Miners in proof of work blockchains get a predetermined amount of cryptocurrency by the network for securing and keeping it running, called a block reward. The predetermined amounts can change for each new block and depends on a blockchain-to-blockchain basis.
Depending on the chain (i.e. Bitcoin network), additional rewards are accumulated through users’ network fees to use the blockchain. The fee amount can vary depending on how many people are using the network at a given time in relation to the number of miners on the network. Users can also pay higher transaction fees to be placed ahead of the queue and have their transactions added faster.
- High security
- Block rewards for each new block
- Collect network fees as additional rewards
- High computational energy consumption to validate transactions
- Slow transaction speed
- Harmful carbon emission
- Expensive transaction fee
- High entry barrier
- Large computing power
What is Proof of Stake?
On the other hand, Proof of Stake is a consensus mechanism that is an energy-efficient alternative to PoW. Instead of mining, proof of stake participants contribute to blockchains via staking. Dedicating some amount of cryptocurrencies through staking gives participants the right to add transaction records. In return, they earn a small percentage of each transaction from the block reward pool.

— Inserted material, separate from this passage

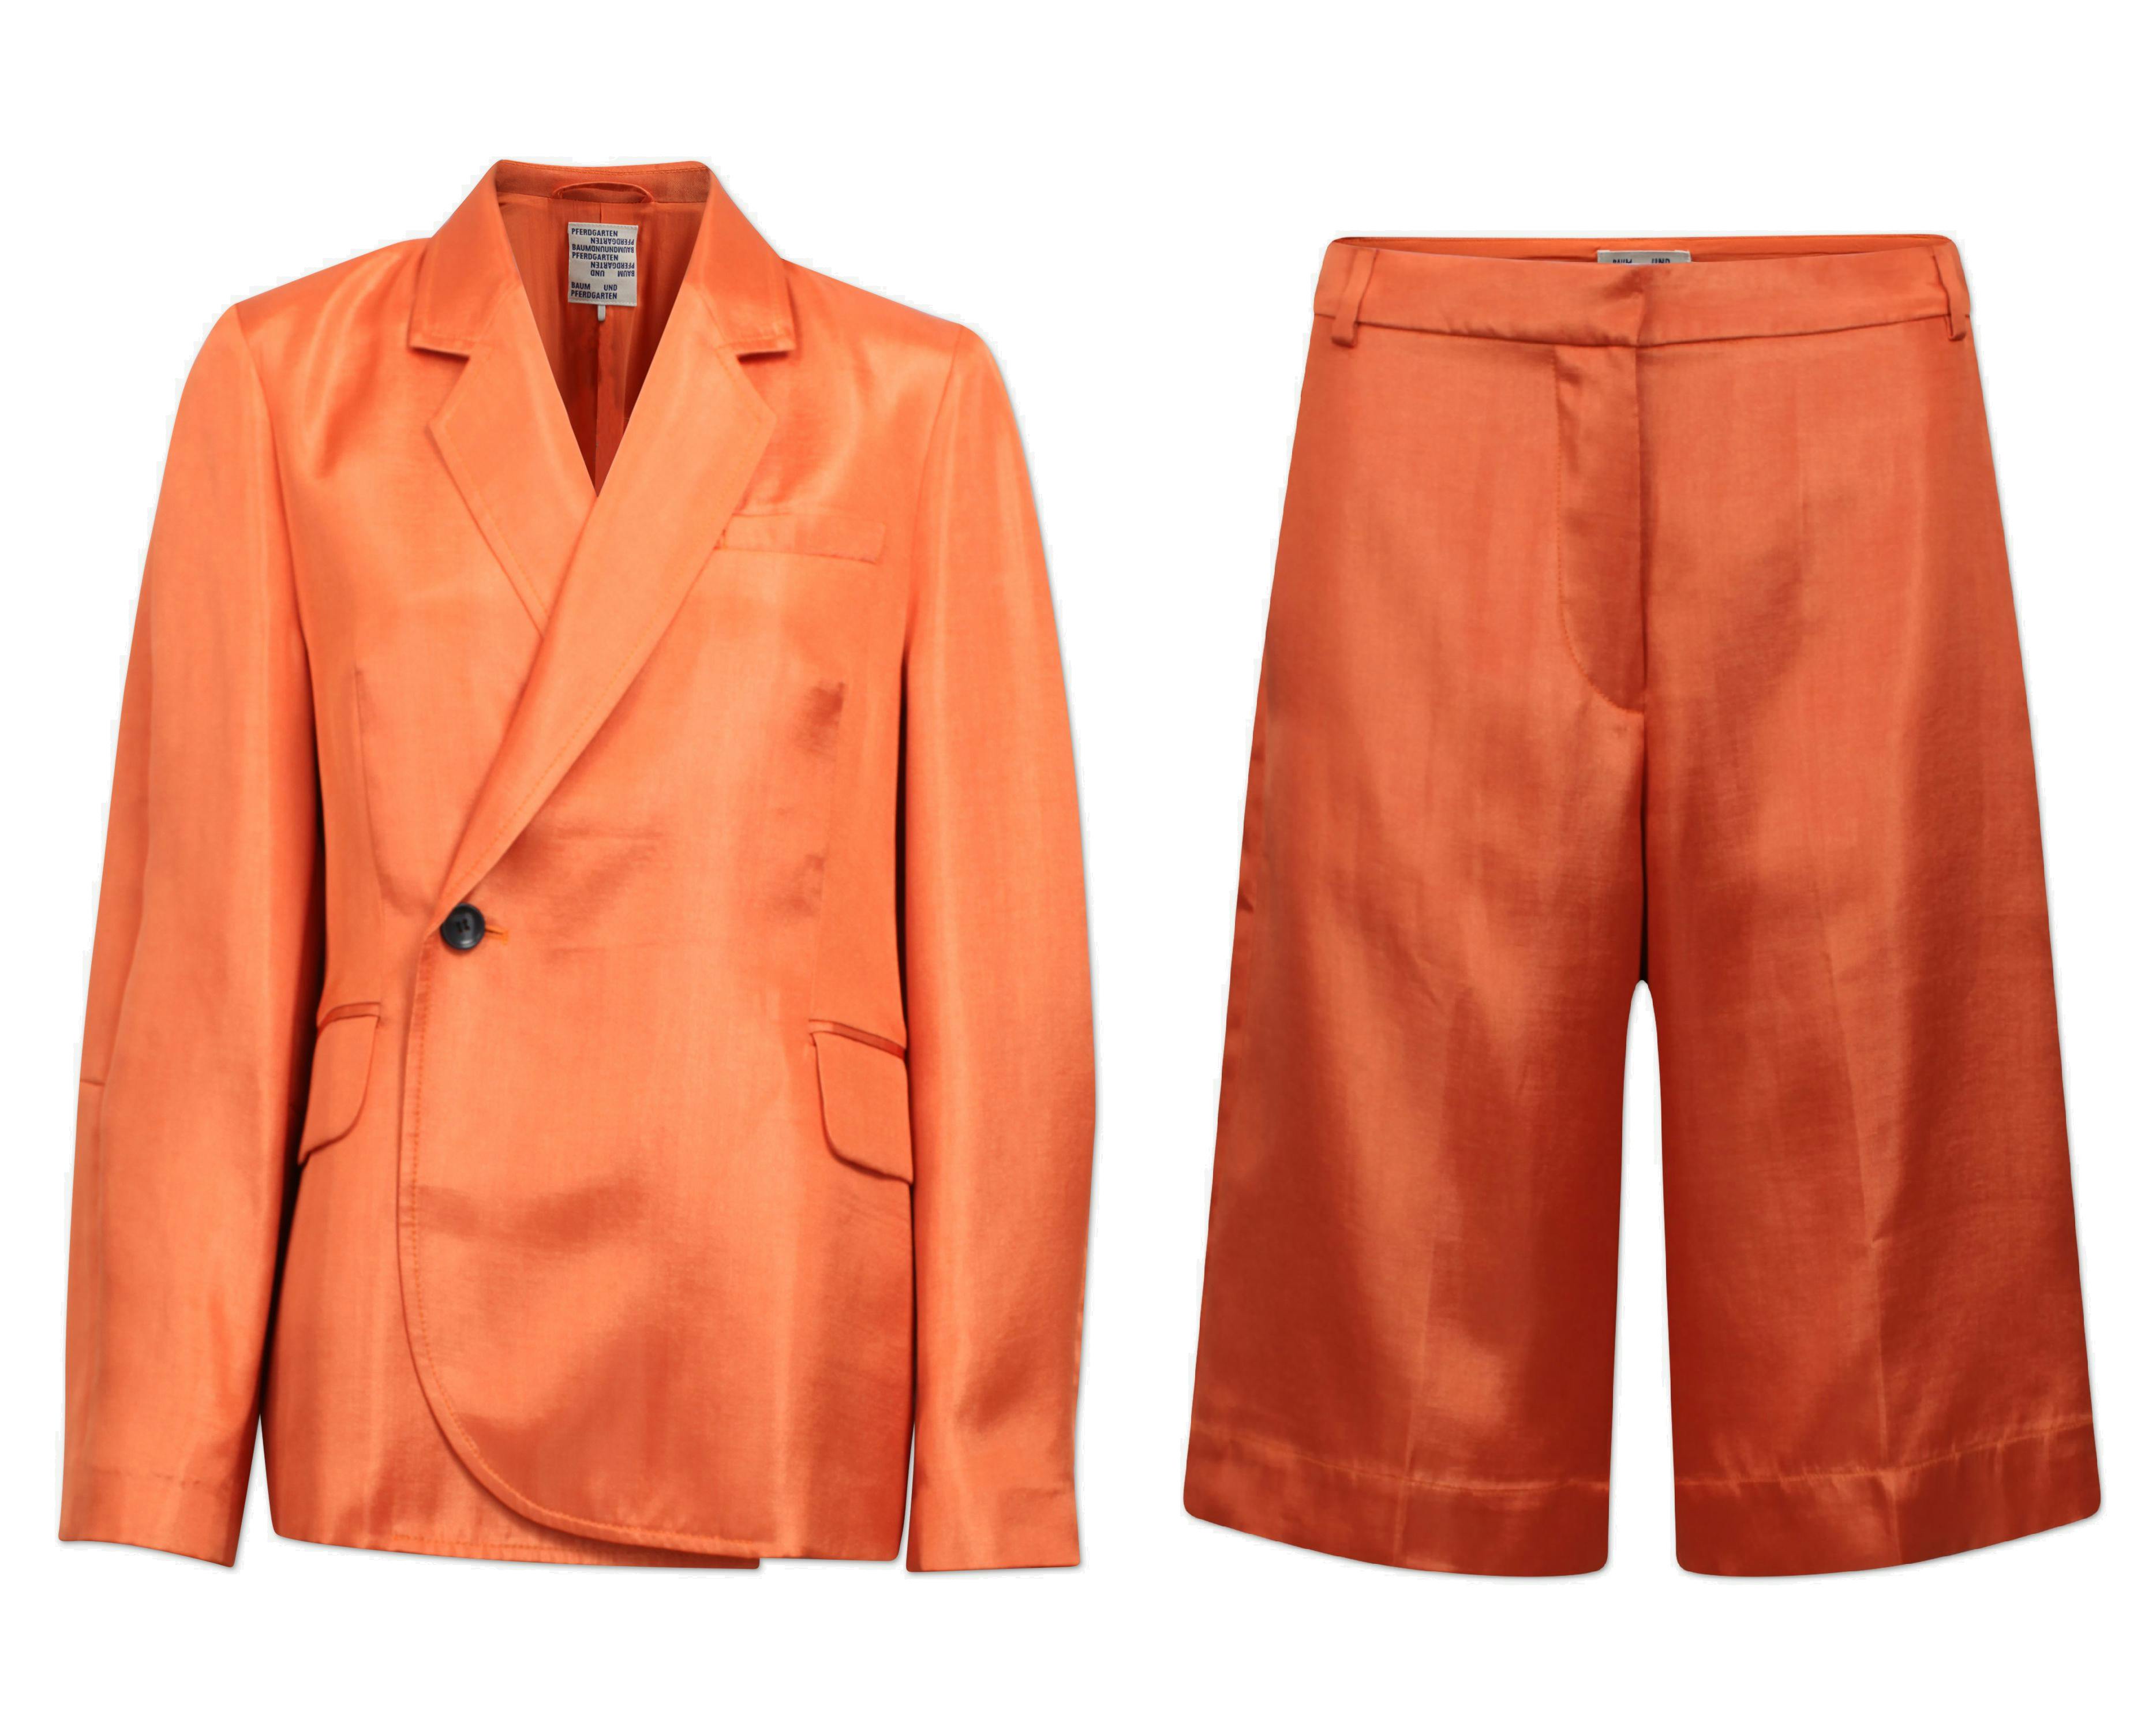 Ensfarvet jakkesæt til sommeren 2020

Technically, proof of stake blockchain allows validators to participate in validating new transactions by staking. Therefore, staking or investing crypto assets is the pass here. Meanwhile, the network appoints a validator for each transaction based on the number of crypto assets staked and the duration of staking.
In proof of stake, other validators can confirm that the block is precise once a validator is chosen. After reaching the confirmation threshold, the network updates the transaction in its blockchain.

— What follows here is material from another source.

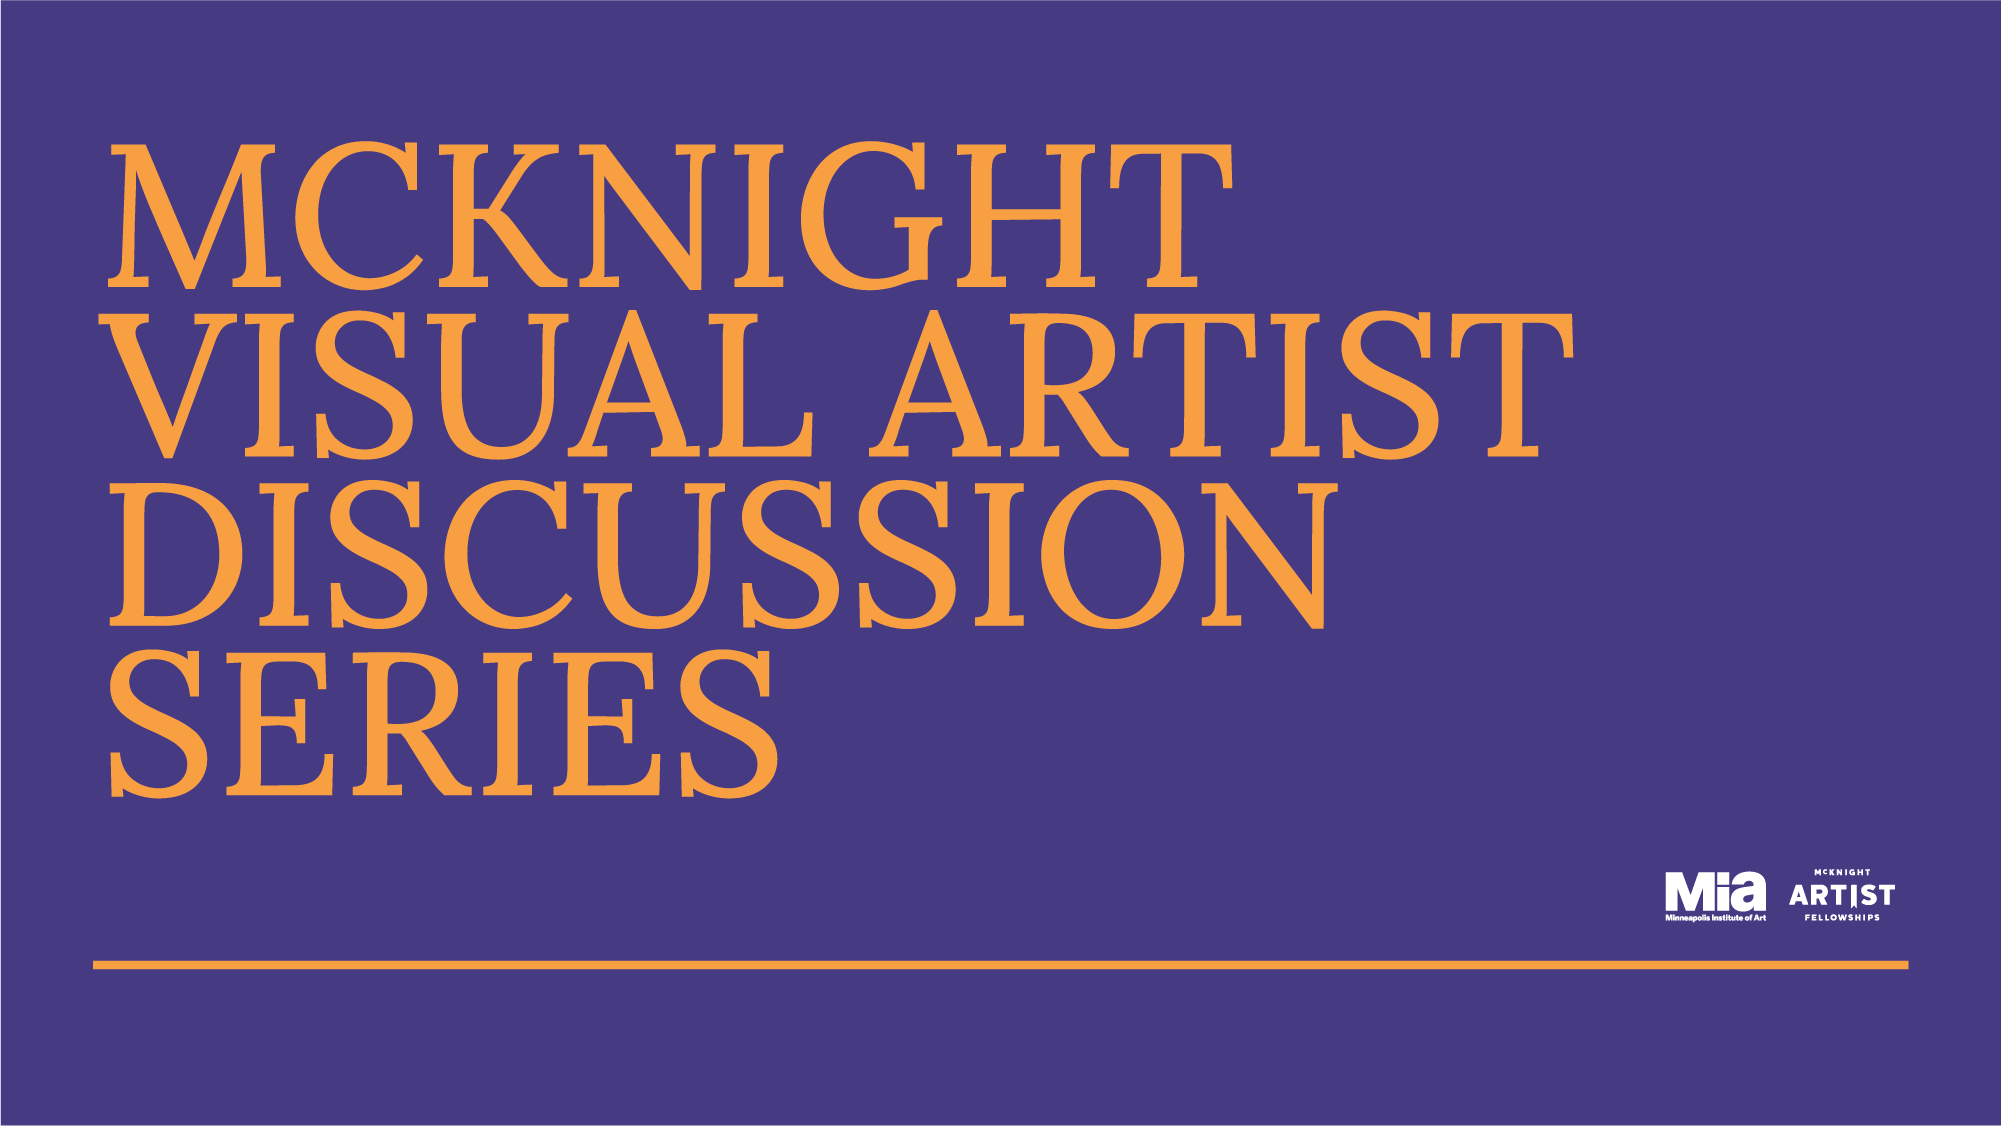 McKnight Visual Artist Discussion Series

Proof of stake is a fair consensus mechanism, especially with its low entry barrier and moderate technicality. You can join another person’s staking pool via delegating if you cannot start your own. On top of this, all validators in the proof of stake blockchain receive token rewards according to the weight or amount of their stake.
- Energy efficiency
- High scalability
- Extremely fast
- Low entry barrier and setup cost
- More decentralized than Proof of Work
- Highly environmental friendly with little to no carbon offset
- Attractive incentives for validators
- Less secured when compared to proof of work
- More complex to implement
- High volume stakers tend to control more transactions, thereby having more influence on verifying transactions
- Still very much new and in its infancy stage
Differences Between Proof of Work and Proof of Stake (PoW vs PoS)
Security, speed, and environmental friendliness are important differences between PoW and PoS.
PoW has been a vital consensus mechanism for high-value cryptocurrencies like Bitcoin due to its vast way of maintaining decentralization without a central authority. With PoW, more miners only need to join transaction validation to make it more robust and secure for the growth of the cryptocurrency.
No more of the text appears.